Retype, word for word, the line holding "Duchy Elite Silver" and every line below it to the end of the listing. Leave out the pictures.
Dataset excerpt Start Marker
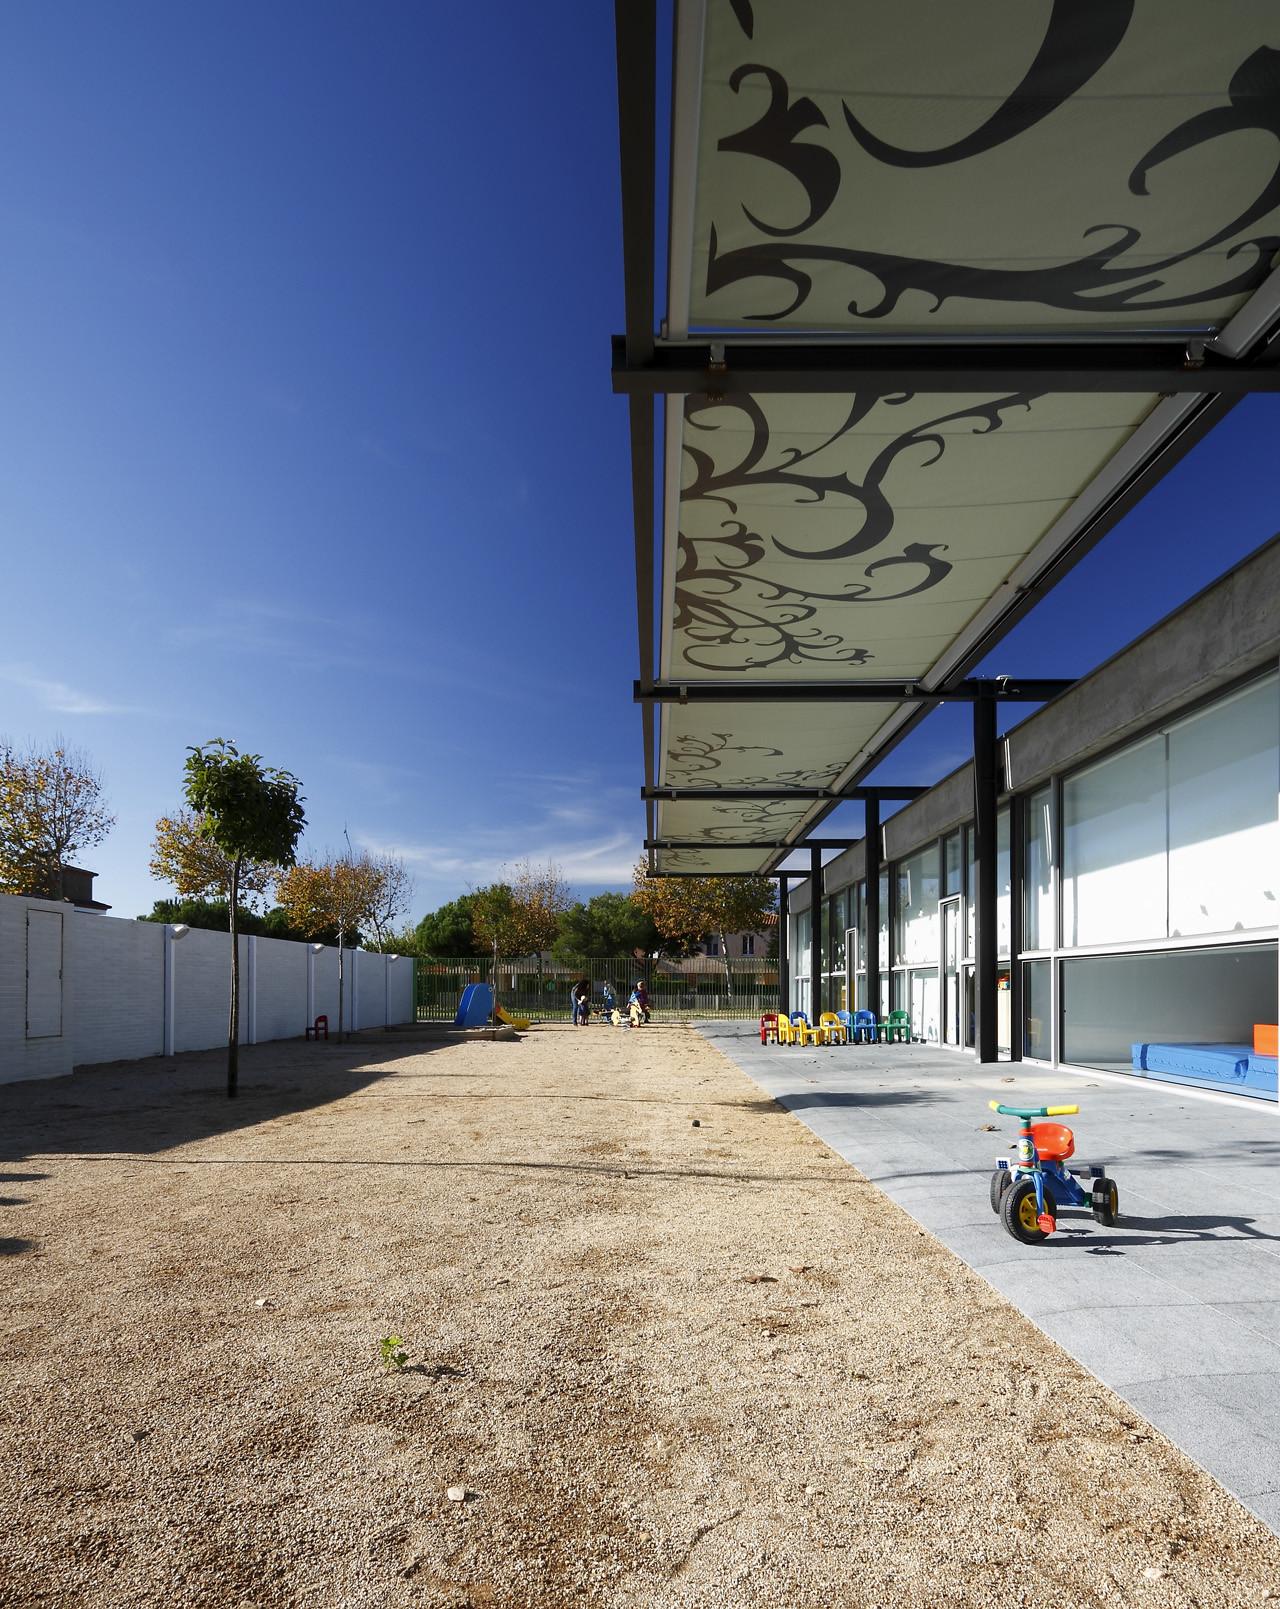 Galer a de jard n de infancia abar arquitectos ovidi for Cd market galeria jardin
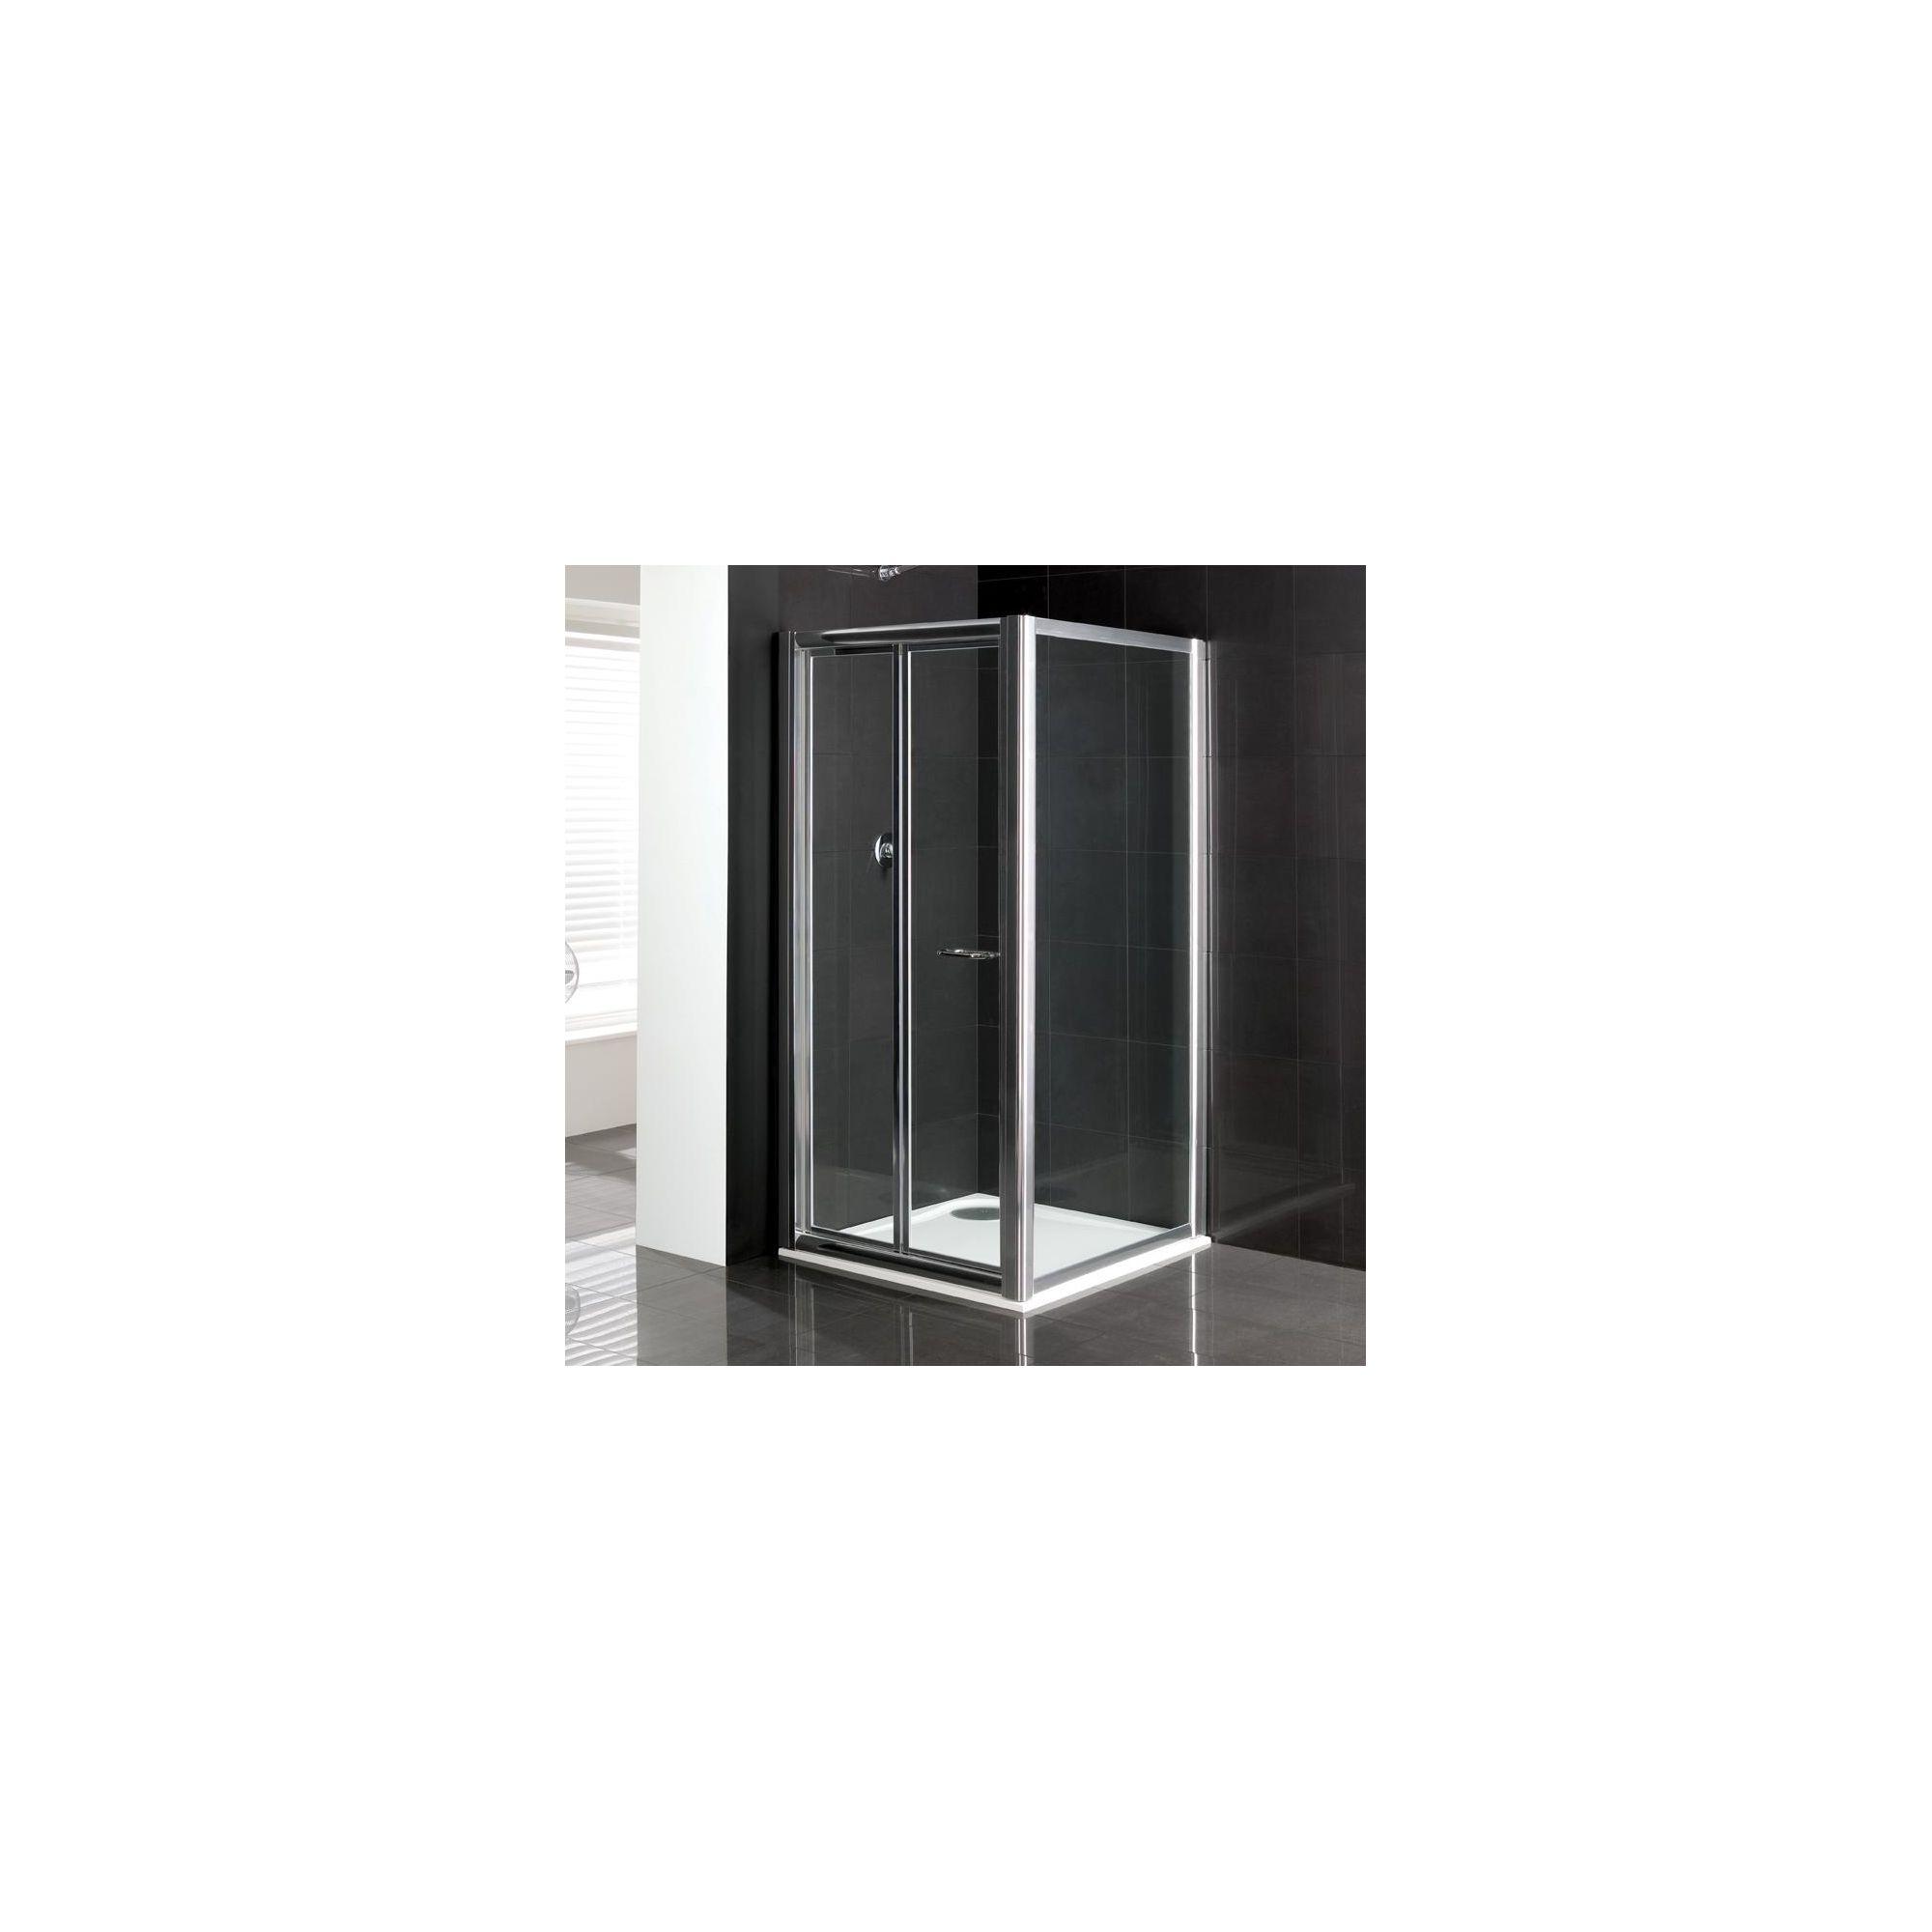 Duchy Elite Silver Bi-Fold Door Shower Enclosure with Towel Rail, 900mm x 700mm, Standard Tray, 6mm Glass at Tesco Direct
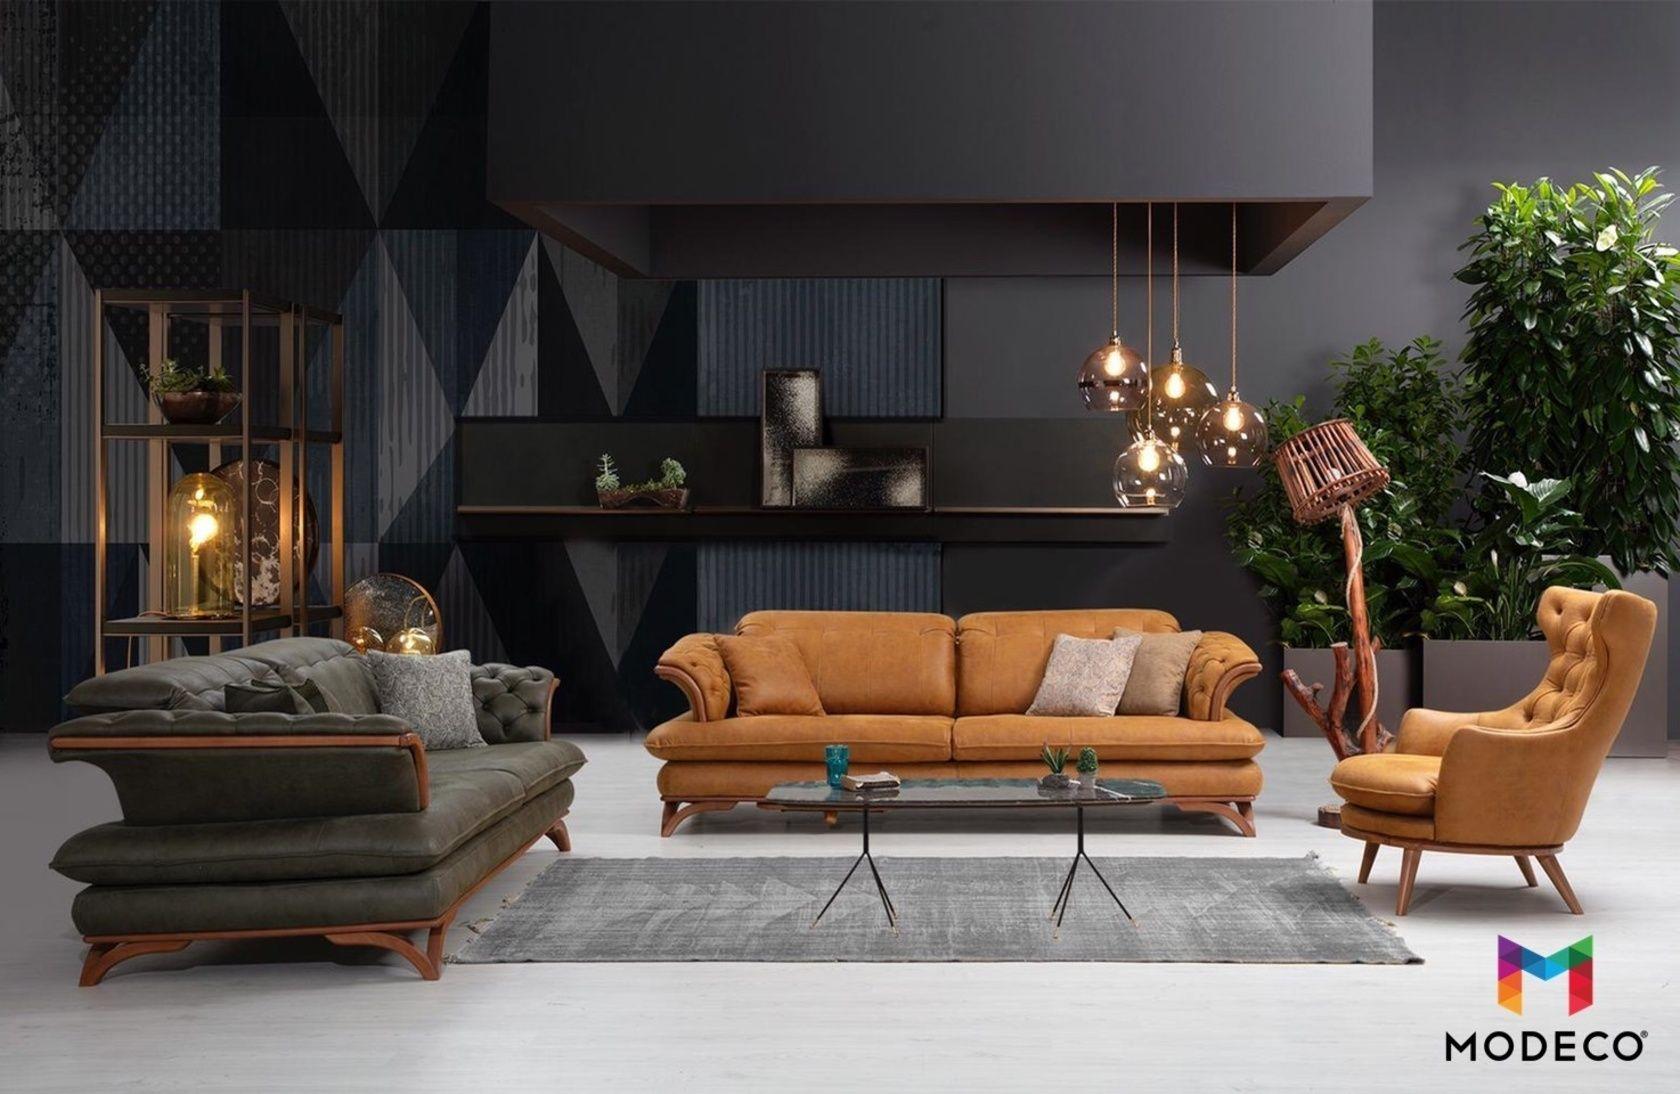 Napoli Mekanizmali Koltuk Takimi Urun Detaylari Ve Diger Urunlerimiz Icin Www Modeco Com Tr Whatsapp Iletisim Hatti 0362 833 81 In 2020 Home Decor Home Furniture
Dataset excerpt End Marker
* Written solution:
 Duchy Elite Silver Bi-Fold Door Shower Enclosure with Towel Rail, 900mm x 700mm, Standard Tray, 6mm Glass at Tesco Direct
 Napoli Mekanizmali Koltuk Takimi Urun Detaylari Ve Diger Urunlerimiz Icin Www Modeco Com Tr Whatsapp Iletisim Hatti 0362 833 81 In 2020 Home Decor Home Furniture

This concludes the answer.